The Shaimskoye oil field is an oil field located in the Kondinsky district of the Khanty—Mansi Autonomous Okrug, in the western part of the Kondinsky oil and gas bearing district of the Ural oil and gas region. It was opened in 1960, giving the first fountain of industrial oil in the West Siberian oil and gas basin with a flow rate of 400 tons per day. This marked the beginning of the big Tyumen oil, which provides two-thirds of Russia's production.
In the late autumn of 1958, a party of Gershanik went to Shaim to conduct a seismic survey. There were 70 people and a caravan of 8 tractors, 10 beams and two seismic stations on board the barge, which the tug had already dragged along the freezing Conde. They sailed to the landing site for 12 days. Geological exploration and seismic work within the Nakhrachinskaya and Mulymyinskaya squares in the winter of 1958-1959 revealed Trekhozernoe and Mulymyinsky local uplifts in the central part of the Shaimsky shaft. Head of "Glavtyumengeology" Yu. G. Hervier decided to send Semyon Urusov's brigade from the Ural integrated geological exploration expedition based in Tavda, Sverdlovsk Region, to this area. As Urusov recalled, upon receiving this news, the brigade was divided: the drillers did not want to leave the equipped city of Tavda for the taiga. As a result, 11 people flew to Shaim by seaplane, which landed on a tributary of the Konda River in the summer of 1959. The brigade arrived in the village of the timber farm Mulymya, where members of the drilling crew went home to remove corners, one or two people at a time. All the former driller's assistants were put as drillers, and local people were recruited as driller's assistants.
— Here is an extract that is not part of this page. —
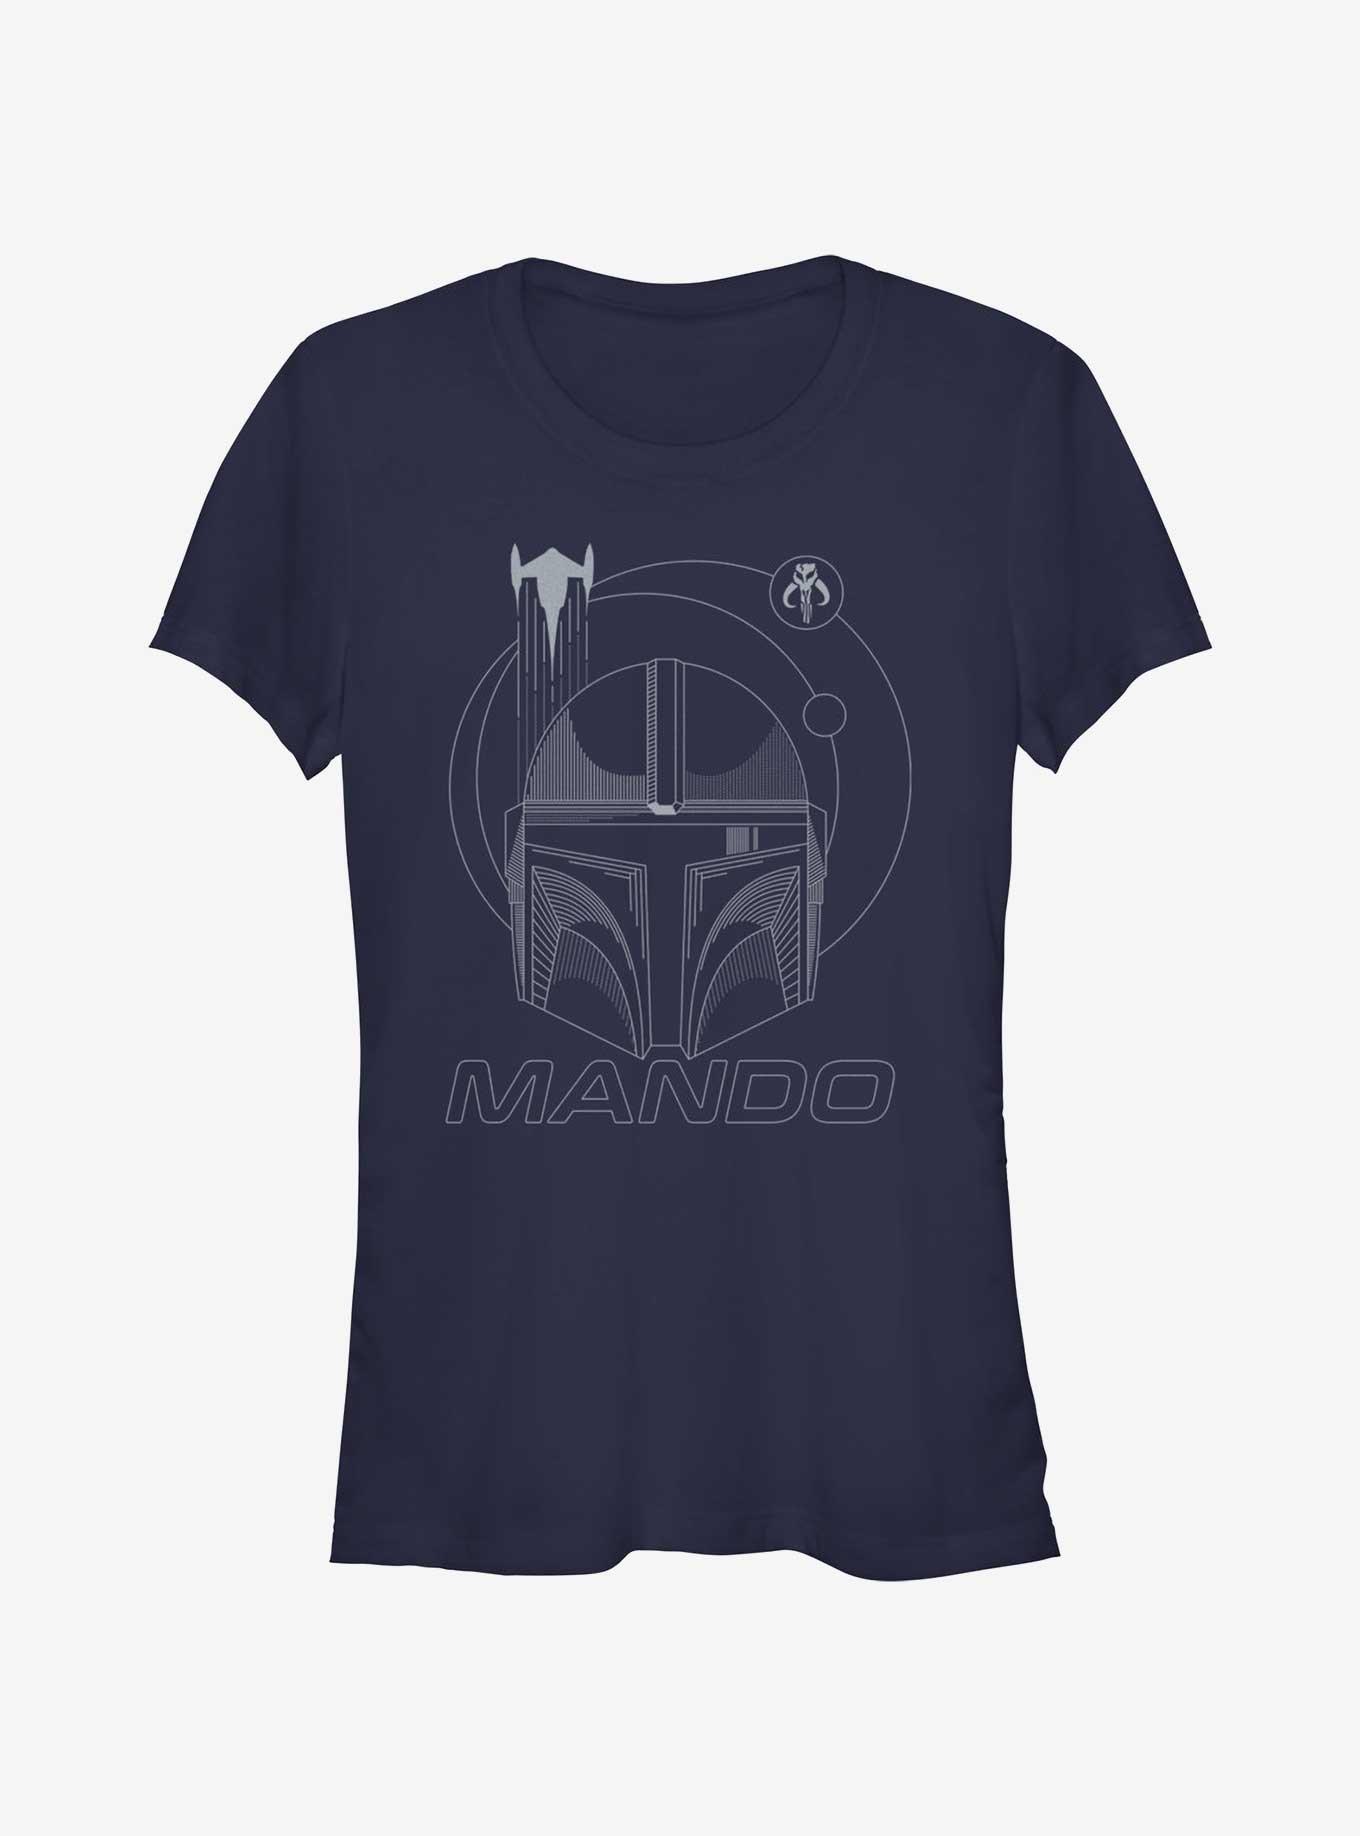 Star Wars The Mandalorian Mando Line Art Girls T-Shirt

The working conditions were harsh. Only one caravan with drilling and other equipment were able to pass through the Irtysh and Konda from Khanty-Mansiysk in 1959, and the second one had to be returned due to early ice at the mouth of the Konda. Some of the most necessary materials were delivered by AN-2 aircraft to the landing site, which was uprooted on the outskirts of the village of Ushya. Residential and working trailers (beams), sledging equipment and much more had to be manufactured on the spot, with the support of the Mulyminsk forestry enterprise, which supplied wood. Diesel engines for drilling rigs were delivered by rail from Tyumen to the Sosva transshipment base, where they were loaded onto cars to be taken to the Shaim expedition on winter roads.
On September 25, 1959, the Mulymya exploration well R-2 near the village of Ushya gave an influx of oil with a flow rate of about one ton per day, which became a harbinger of the discovery of industrial oil reserves. The flow rate of the next well R-7, drilled in April 1960 on Mulymyinskaya Square, amounted to 10-12 tons per day. The cores and logging diagrams were taken by the head of the Shaim geological exploration expedition, M. V. Shalavin, together with geophysicist V. A. Irbe, by helicopter, by motor transport, by train to Tyumen, to the address of Yu. G. Hervier, only in Tyumen a decision was made on the descent of the casing. On June 13, 1960, drilling of the R-6 well was completed. The penetration to a depth of 1,523 meters was carried out in 18 days. On June 17, perforation began, and on June 18, the well was detonated.